From Mojo, March 2004
Nick Harper, Blood Songs ***
Fourth studio album, bursting with energy and fabulous production

by Colin Harper

Can one define Nick Harper's almost unique music without reference to his father, Roy? Frankly, no, because the only caveat to the man's unqualified singularity in the whole pantheon of rock is the fact that the one place you'll hear anything like Nick's sublime, intoxicating combination of mixed-metaphors, aural textures and freewheeling vocal gymnastics is on Roy's records. Or, rather, on an imaginary distillation of the very best of Roy's records, including those featuring Jimmy Page, with Nick fulfilling here, as ever, the roles of both dad and Jim — and of the editor and producer they never had. Nick's music engages both mind and toes, fiendishly complex yet effortlessly hummable. Vampire Song follows The Darkness well into Tapsville but delivers a chorus of astonishing beauty in both spirit and melody, while Lily's Song is equal parts essence of Blackbird and Dear Prudence, yet not a plagiarised note in sight.


From Uncut, March 2004
Nick Harper, Blood Songs ***
Ambitious and imaginative song cycle from Roy Harper's son

by Mick Houghton

Sons of famous fathers invariably have the odds stacked against them. Nick Harper seems to have inherited all that's good from his dad: exemplary guitar playing, a heart-tugging vocal style and the ability to write emotive songs. There are wonderfully absorbing, effortless compositions like Lily's Song, Imaginary Friend and Blood Song, addressing bold, universal themes of family, love, life and death. Elsewhere, a capacity for excess also seems to have been handed down, as well as a tendency to show off, to display a vocal dexterity for the hell of it, and a Zappa-like instrumental cleverness that stems the flow of the material.
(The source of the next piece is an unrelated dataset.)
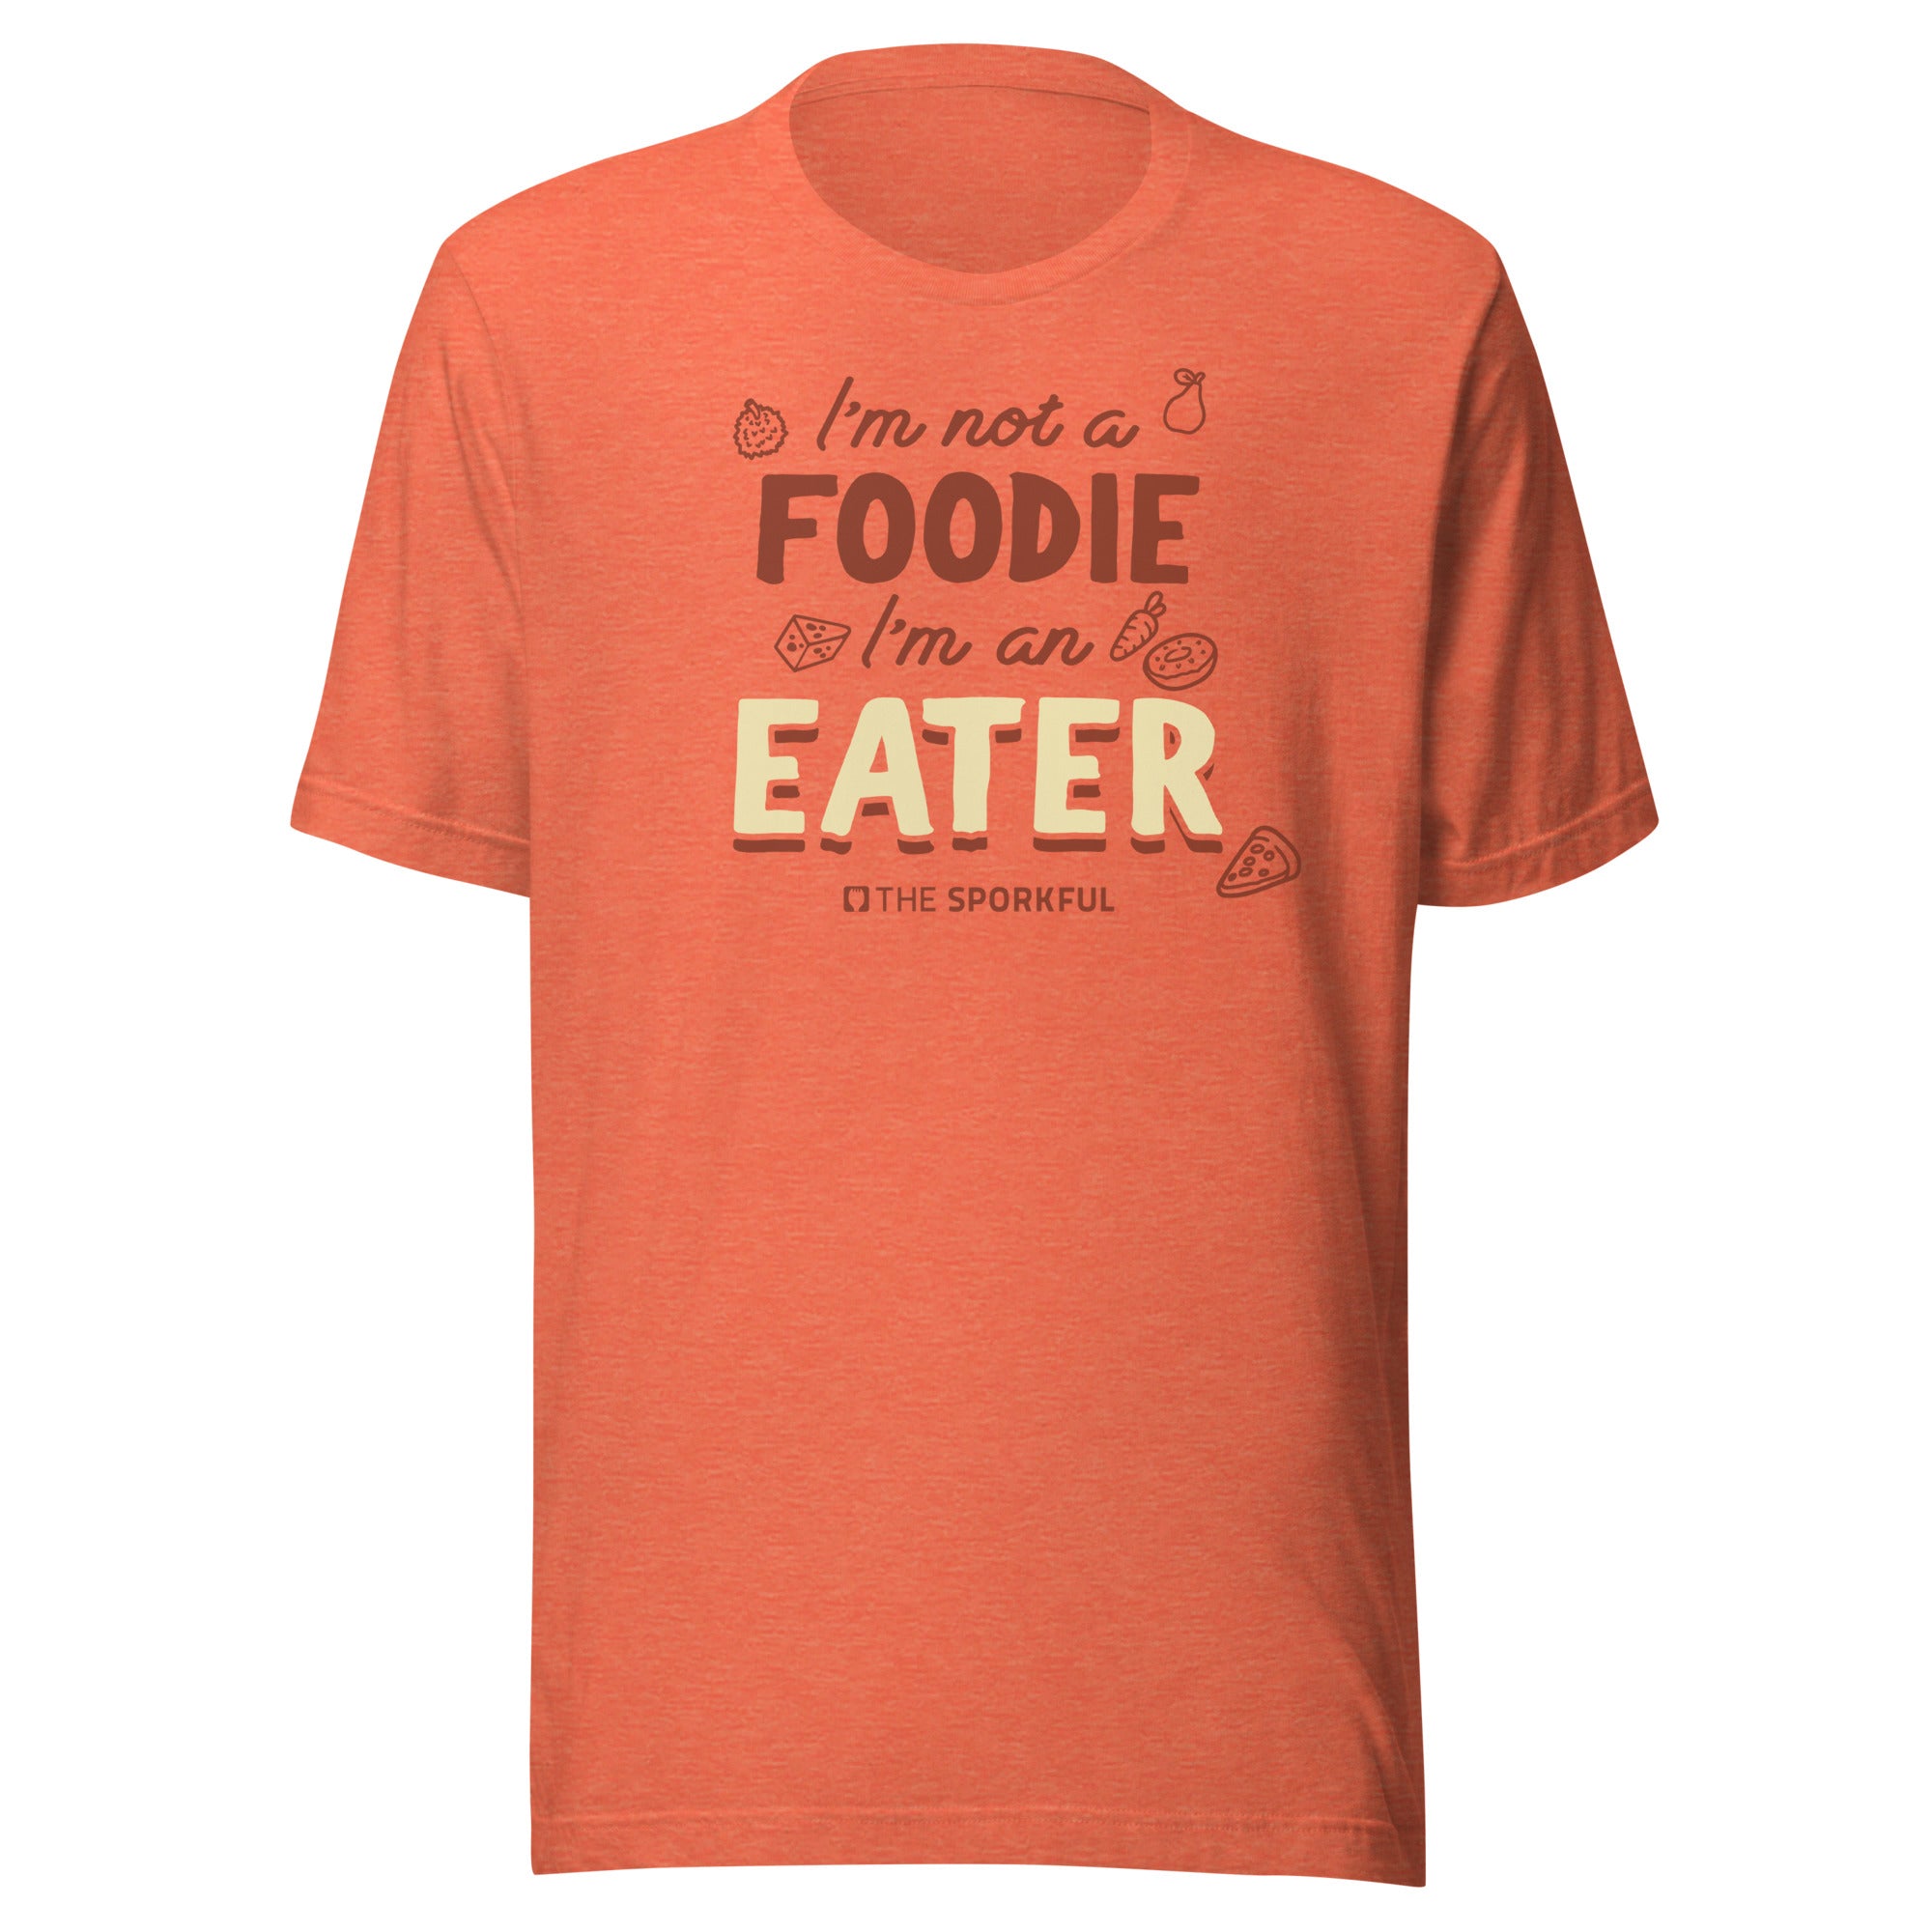 The Sporkful: I'm Not A Foodie I'm An Eater T-shirt

Undeniably compelling - just not seductive enough throughout.


From Guitar (UK), April 2004
Nick Harper, Blood Songs
Album of the Month

Son of '70s poet/singer Roy Harper, dubbed 'the acoustic Hendrix' and the 'English Jeff Buckley', Nick Harper's fourth studio album rises above this (albeit favourable) baggage. He serves up funkadelic rap'n'folk on Love Junky, powerful addictive strumming on the ethereal groove of Love Is Music, and gothic sass on the title track - courtesy of some cascading electric lead work and staccato upstrokes. With this amount of melodic and sonic ingenuity, Nick Harper could be dubbed 'the new Beck' - but that would be a bigger compliment to Mr. Hansen than it would be to Harper.


From Q, April 2004
Nick Harper, Blood Songs ***
Inconsistent fourth album from son of 60s troubadour

by Ben Lerwill

The fruit of singer-songwriter Roy Harper's loins, Nick Harper's musical ability is more or less a given. Blood Songs is his most introspective work to date, one that confirms his enthusiasm and technical talent while never doing anything spectacular, despite some winsome moments and off-the-wall lyrics: "I'm a mutant monkey / Pre-programmed Mother Nature's flunky". Fitting somewhere between Jeff Buckley and a lighters-aloft Robbie Williams, and with several helpings of doodling guitar, its tendency towards over-embellishment is ultimately a bit hit-and-miss.